👑 Additional Helper Function to make Your Life Easier
| # import packages
import scimap as sm
import anndata as ad
|
| # Load the data that we saved in the last tutorial (with ROIs added)
adata = ad.read_h5ad('/Users/aj/Dropbox (Partners HealthCare)/nirmal lab/resources/exemplarData/scimapExampleData/scimapExampleData.h5ad')
|
classify
The sm.hl.classify
function allows users to annotate cells based on the presence or absence of certain markers, providing the option to apply classifications across the entire dataset or within specific subsets, such as groups of cells that have already been phenotyped or clustered. This functionality is especially useful for quickly determining the percentage of cells expressing a particular marker within a subset of interest. A prerequisite for using this function is that gating has been performed and the rescale function has been applied, as it relies on threshold-based classification.

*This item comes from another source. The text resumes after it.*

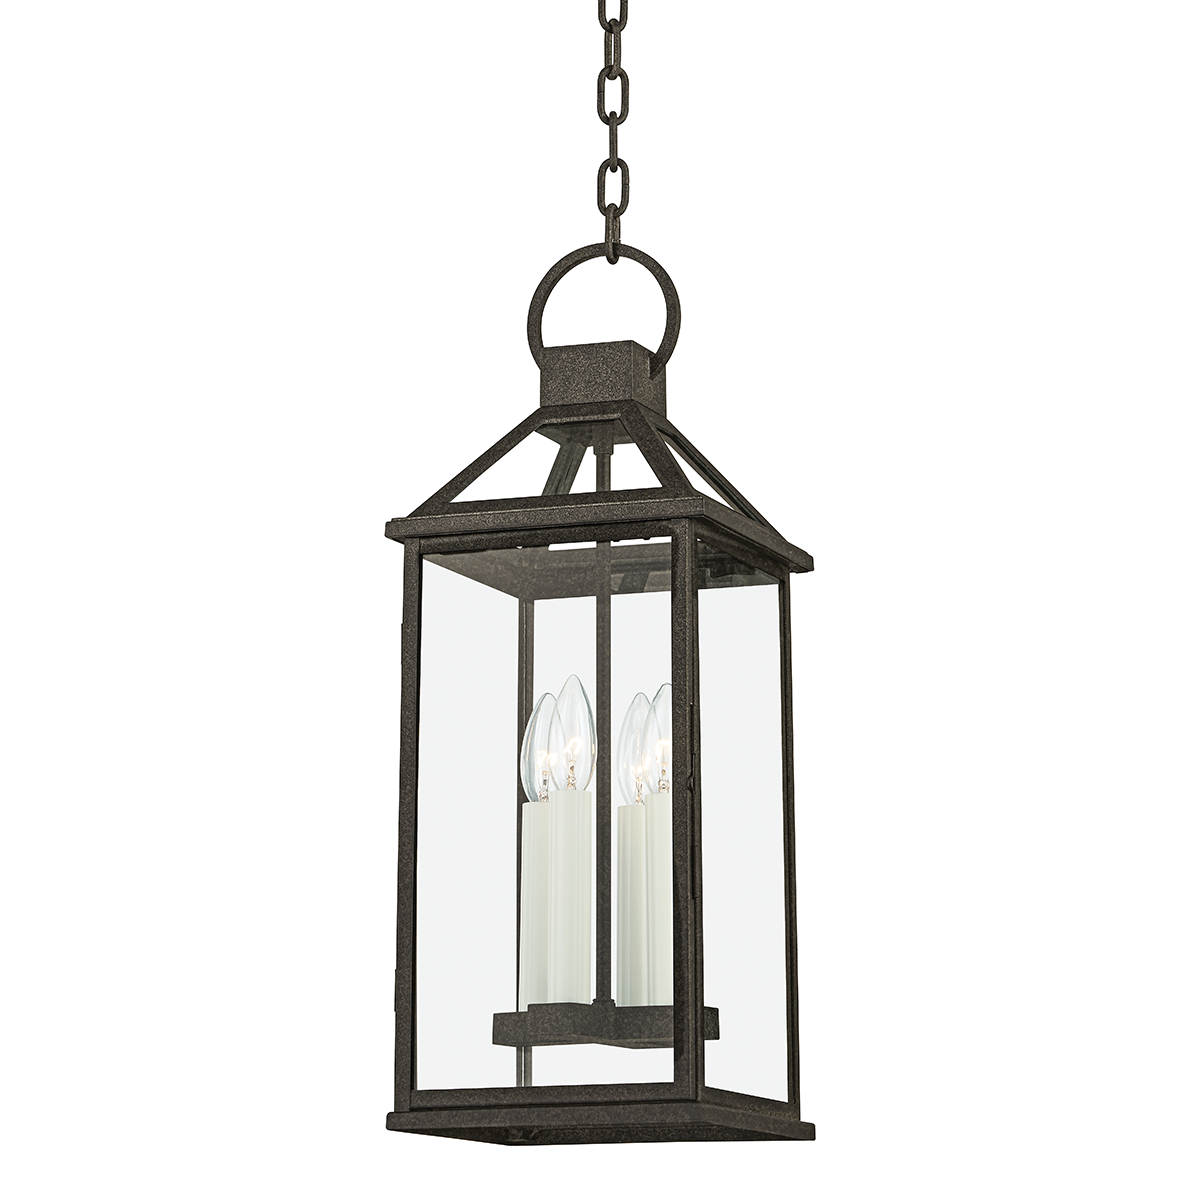 Troy SANDERS 4 LIGHT LARGE EXTERIOR LANTERN F2749 Outdoor l Wall Troy Lighting FRENCH IRON

Index(['ELANE', 'CD57', 'CD45', 'CD11B', 'SMA', 'CD16', 'ECAD', 'FOXP3',
'NCAM'],
dtype='object')
| # I am going to find out how many cells are CD45 and FOXP3 positive and ECAD negative likely indicating Tregs
adata = sm.hl.classify(adata, pos=['CD45', 'FOXP3'], neg=['ECAD'], collapse_failed=False, label='T_cell_classification')
|
| # let's look at the results
adata.obs['T_cell_classification'].value_counts()
|
dropFeatures
The sm.hl.dropFeatures
function simplifies the refinement of an adata object by allowing users to selectively exclude markers, cells, metadata columns, and particular cell groups.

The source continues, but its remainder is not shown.